Les inondations qui ont frappé la Suisse laissent des traces durables et mobilisent des efforts considérables de reconstruction. Cela s’étend sur plusieurs années et représente toujours un défi complexe mêlant enjeux environnementaux, économiques et sociaux.
En 2007, les habitants de Laufon ont été confrontés à une crue dévastatrice de la Birse, la rivière qui traverse cette commune de Bâle-Campagne. Les habitants se sont retrouvés avec de l’eau jusqu’à la poitrine. La première pierre du projet de réaménagement du fleuve a été posée la semaine dernière, 18 ans après la catastrophe.
Ce projet majeur vise à mieux protéger la population contre les futures inondations. « D’une part, le réaménagement de la Birse passe par la rénovation et la transformation de quatre ponts et passerelles. C’est l’un des principaux défis», explique Andrea Tschopp, porte-parole du département des travaux publics de Bâle. Campagne. Mais avant même le début des travaux, il a fallu convaincre de nombreux propriétaires fonciers de céder une partie de leurs terres. « Ce seul aspect a nécessité 200 contrats pour régler ces transferts. Et notre chef de projet a eu des discussions personnelles avec toutes les personnes impliquées.
Il s’agit de protéger la population.
Les travaux, prévus pour durer quatre ans, coûteront plus de 60 millions de francs, dont un tiers financé par la Confédération. Mais est-ce un investissement justifié pour une inondation qui se produit en moyenne tous les 30 ans ? “On peut se poser la question, mais il s’agit quand même de protéger la population”, répond Andrea Tschopp.
Le projet vise également à restaurer le milieu naturel et à améliorer la qualité de vie des habitants : « Nous allons redonner à la Birse son espace d’origine : c’est un investissement pour la nature. Nous créerons également davantage d’espaces verts à proximité de la vieille ville, et rapprocherons ainsi le logement, le travail et les loisirs », explique le porte-parole.
Des défis à relever dans toute la Suisse
Interrogé dans La Matinale, Joël Varidel, chef de section à la Direction générale vaudoise de l’environnement, souligne de son côté que l’urbanisation aggrave les risques d’inondation: «Nous avons construit de plus en plus près des cours d’eau, nous les avons aussi canalisés, donc nous avons réduit leur espace.
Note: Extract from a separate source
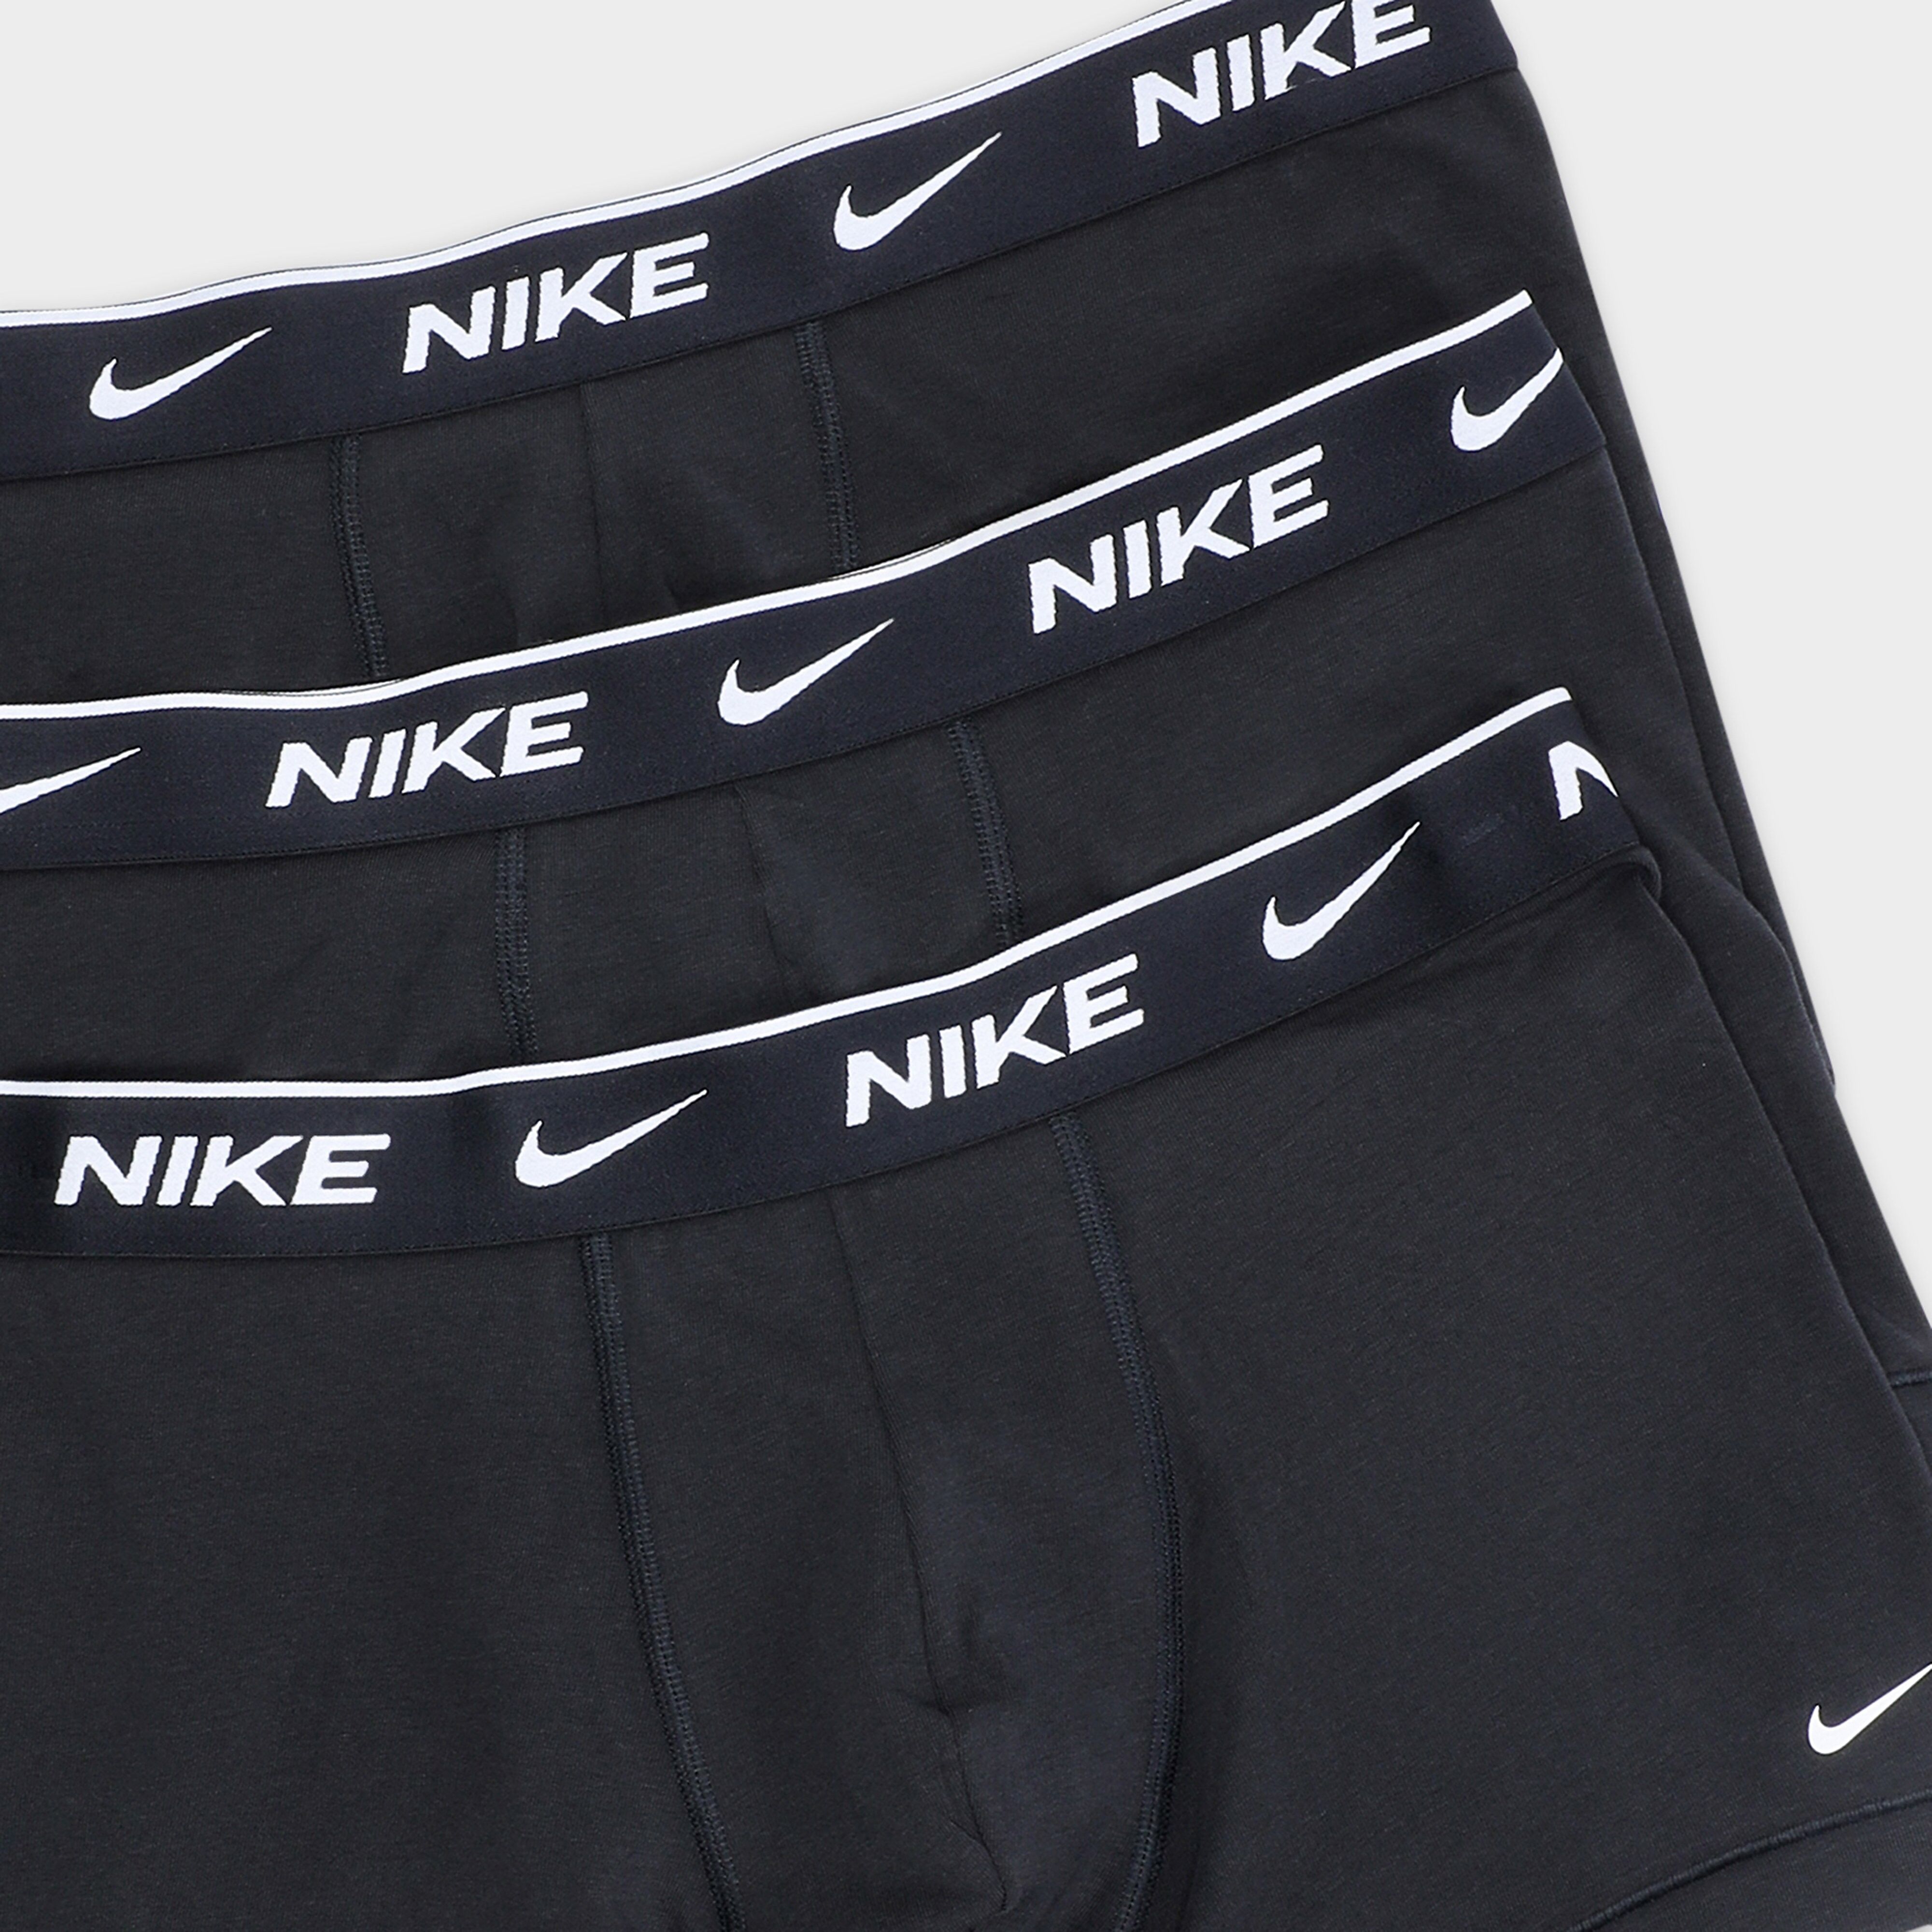 Nike 3 Pack Trunks - Black  size: M

Évidemment, cela a créé des situations d’inondation dans lesquelles nous avons dû intervenir par la suite pour protéger les habitations.
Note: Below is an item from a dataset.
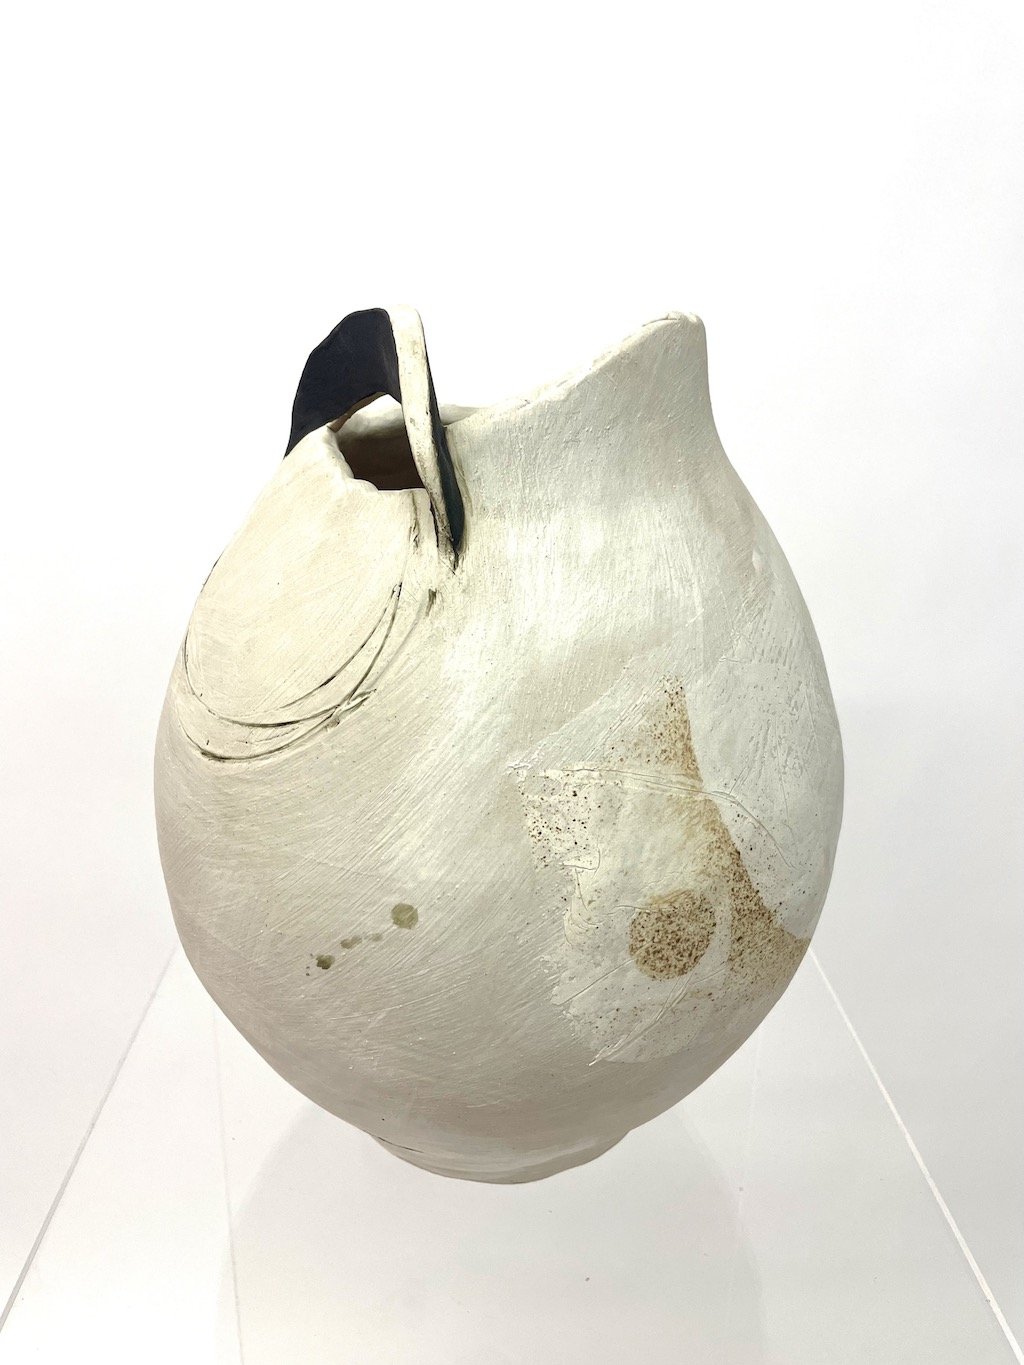 Moon Vessel Five, Stoneware with slip, underglaze and underglaze pencil, with Abalone Pink interior glaze, 13h" x11”w x 11"d, 2022.

Nous essayons plutôt de travailler sur des mesures en amont des villes, où nous prévoyons des décharges ou des herses qui retiennent une partie du transport, l’ensemble des matériaux transportés.
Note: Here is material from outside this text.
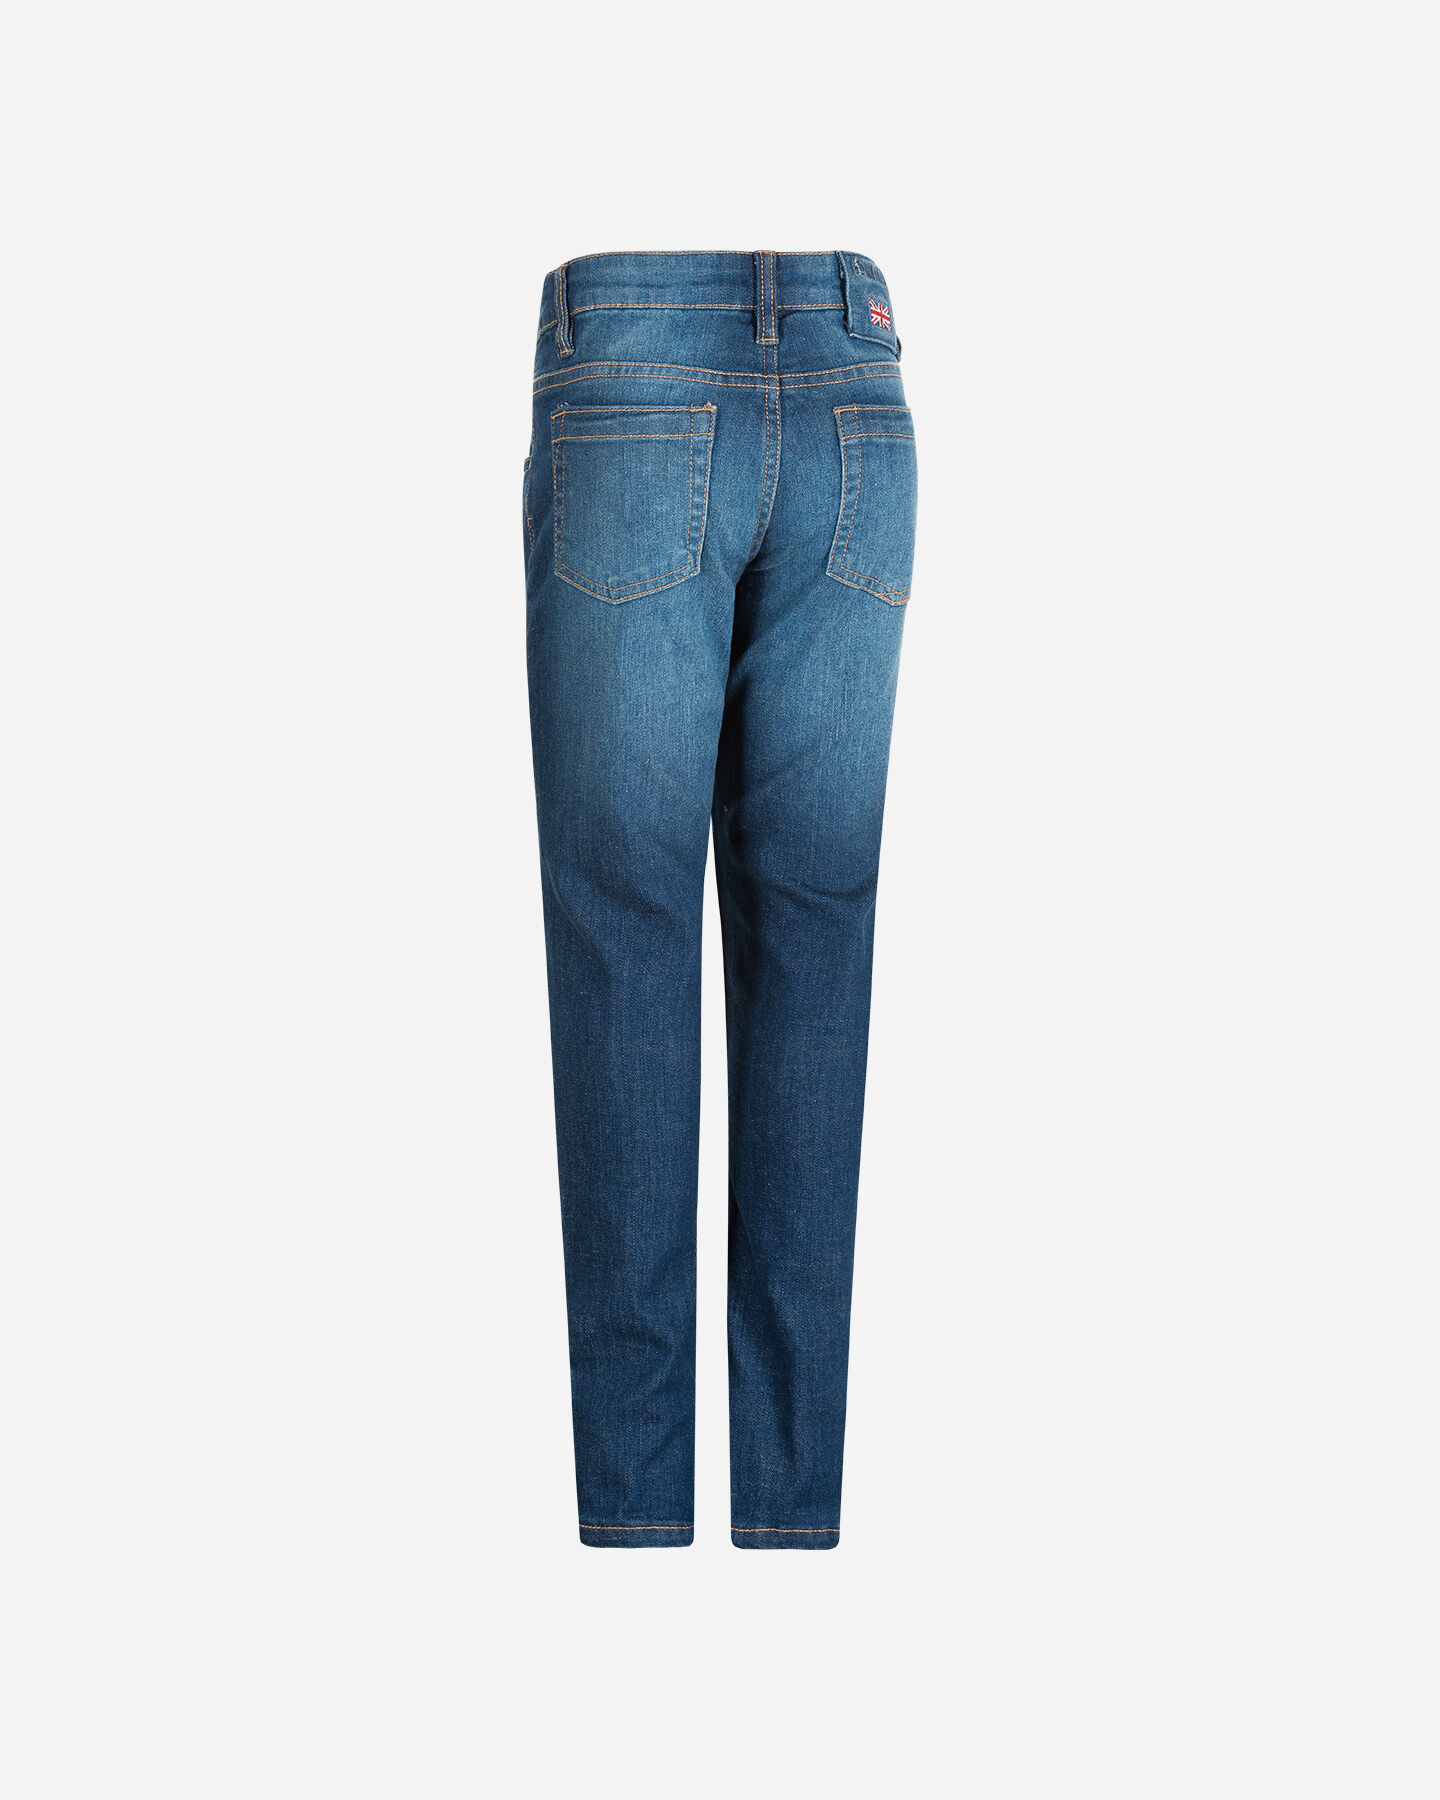  Jeans ADMIRAL CLASSIC JR S4081318|DD|4A scatto 1

La protection des territoires urbains s’avère souvent délicate, comme en témoigne en juin 2024 la crue centennale qui a vu l’eau envahir les rues et les magasins de Morges.
-« Nous n’avons pas beaucoup de marge de manœuvre en matière d’élargissements ou d’aménagements. Nous essayons plutôt de travailler sur des mesures en amont des villes, où nous prévoyons des décharges ou des herses qui retiennent une partie du transport, tous les matériaux transportés par les crues ou encore des troncs d’arbres”, explique Joël Varidel.
« Nous avons alors « plus que de l’eau » à gérer dans les villes. On surélève alors un peu le haut des berges ou, exceptionnellement, on abaisse le niveau du lit », ajoute-t-il.
Une mise en œuvre longue et complexe
Le canton de Vaud mène actuellement cinq projets de protection, comme à Aigle, où des travaux sont en cours depuis 2018 pour sécuriser la Grande Eau.
Mais les délais restent longs : entre la planification et la mise en œuvre, il faut au moins 5 à 10 ans. Brienz, dans le canton de Berne, en est un exemple frappant. Après une inondation en août dernier, qui a pratiquement coupé le village en deux, il est prévu de détourner la rivière Milibach, mais les travaux ne débuteront pas avant 2028. En attendant, certains habitants n’ont toujours pas pu regagner leurs logements.
En Valais, la priorité reste aux travaux d’urgence pour rétablir le niveau de protection avant les intempéries. La situation est encore plus critique au Tessin, dans des zones escarpées et reculées comme la vallée de Lavizzara, où les dégâts sont considérables. Faute de ressources, seules des mesures temporaires ont été mises en place. A Bavona, la vallée voisine, les masses rocheuses déplacées par le mauvais temps ne sont même pas encore dégagées.
Les inondations en Suisse rappellent que la reconstruction est un processus à long terme, qui nécessite des investissements colossaux et une planification minutieuse. Chaque région doit trouver des solutions adaptées à ses contraintes géographiques et économiques pour prévenir de futures catastrophes.